Mentally and Emotionally exhausted now, I practically threw him down onto that exam table. I was all but ready to stick him myself…until the part came where I had to hold his little hands down. He squirmed for a couple of seconds but then grew momentarily silent as he registered the pain of the needle going in. His eyes darted upwards then to meet mine, and oh that awful look of betrayal that every parent is familiar with; the one that says, “Why are you letting this happen to me?”
Immediately overcome, I found myself burying my mouth into his ear and reassuring him, “Mama’s here baby…mama’s here…it’s for your own good. I promise you that it’s for your own good. It’s almost over. Mama’s here. I love you so much sweet boy,” and of course I meant every word of it as all of the past hour or so’s stress melted away and I sought only to comfort my hurting child.
How many times while instructing my babies have I been rocked by my own words? How many times have I felt the gentle nudge of my heavenly Father as I spoke to my children?

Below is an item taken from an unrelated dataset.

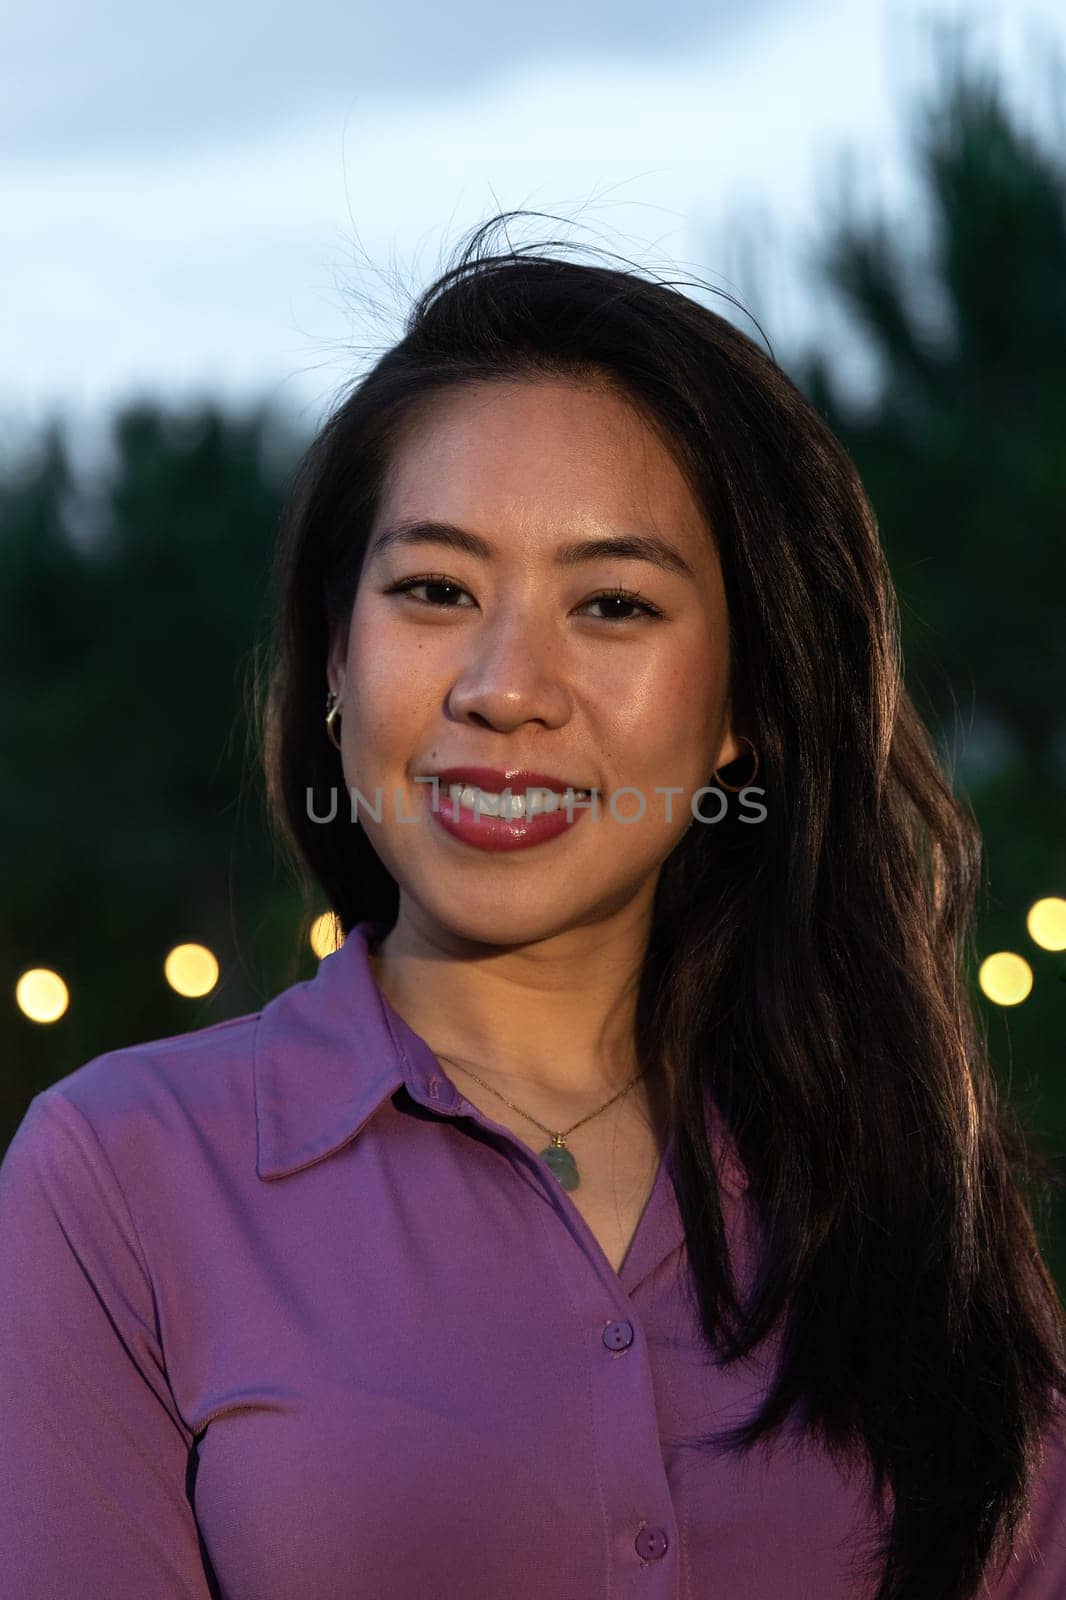 Vertical headshot of young smiling asian woman at sunset. Lifestyle.

Small children have no concept of disease let alone the necessity to prevent them! From their limited viewpoint, we just brought them to a place, held them down, and allowed a stranger to prick them with a needle! Although they can’t see it, there is a reason. There is a bigger picture that they are not yet privy to. It isn’t just that we enjoy watching our children be painfully injected with poison. Driven by our deeper knowledge and understanding, we know that by exposing their bodies to it, that we are protecting and ultimately preventing them from disease and possible death! In those moments, we are desperate that they will only trust us and pull from the unmistakable knowledge that we love them and would never do anything to hurt them unless it was necessary.
We are desperate for this, but we cannot force it from them…any more than our own heavenly Father can (or will) force it from us…from me.
How many times over the past few years have my own eyes darted upwards, painted with that same expression of shock and betrayal? So distracted by the pricking of the needle and the poison, how many times have my Father’s gentle words of reassurance been lost beneath the sounds of my screams? How He must long for me to pull from His faithful love and trust Him- trust that He has a plan- trust that though from my limited viewpoint this doesn’t make any sense, that He is allowing it to happen for reasons that will ultimately protect me from that which would seek to destroy and kill me!
Slap! Oh, the kind gentleman must have wished Asher good luck, so I guess this means we survived the well-baby checkup after all!
My child has been in this transitional phase for a while now and it isn’t…ideal. Yes, the little guy slaps me when he is afraid and although it hurts my heart and requires a great deal of patience and discipline, he is my child and I love him oh so dearly. I wouldn’t trade this little street fighter for all of the well-behaved toddlers in the world! I believe that God feels like that about each and every one of His children…about me.
He watches me throw my tantrums, lash out at Him when I am afraid, and even doubt His love and plan for my life, and yet, He calls me His beloved. The battle scars that I have gained in this life cannot be so easily fixed by a couple of sweet Transformer band aids. Instead, I have the most wonderful of Physicians who promises to never leave me nor forsake me. Not only that, but He also promises to bind up each and every one of my wounds and saves every single tear that I have ever cried… in a bottle (one ginormous bottle…) because He just loves me THAT much.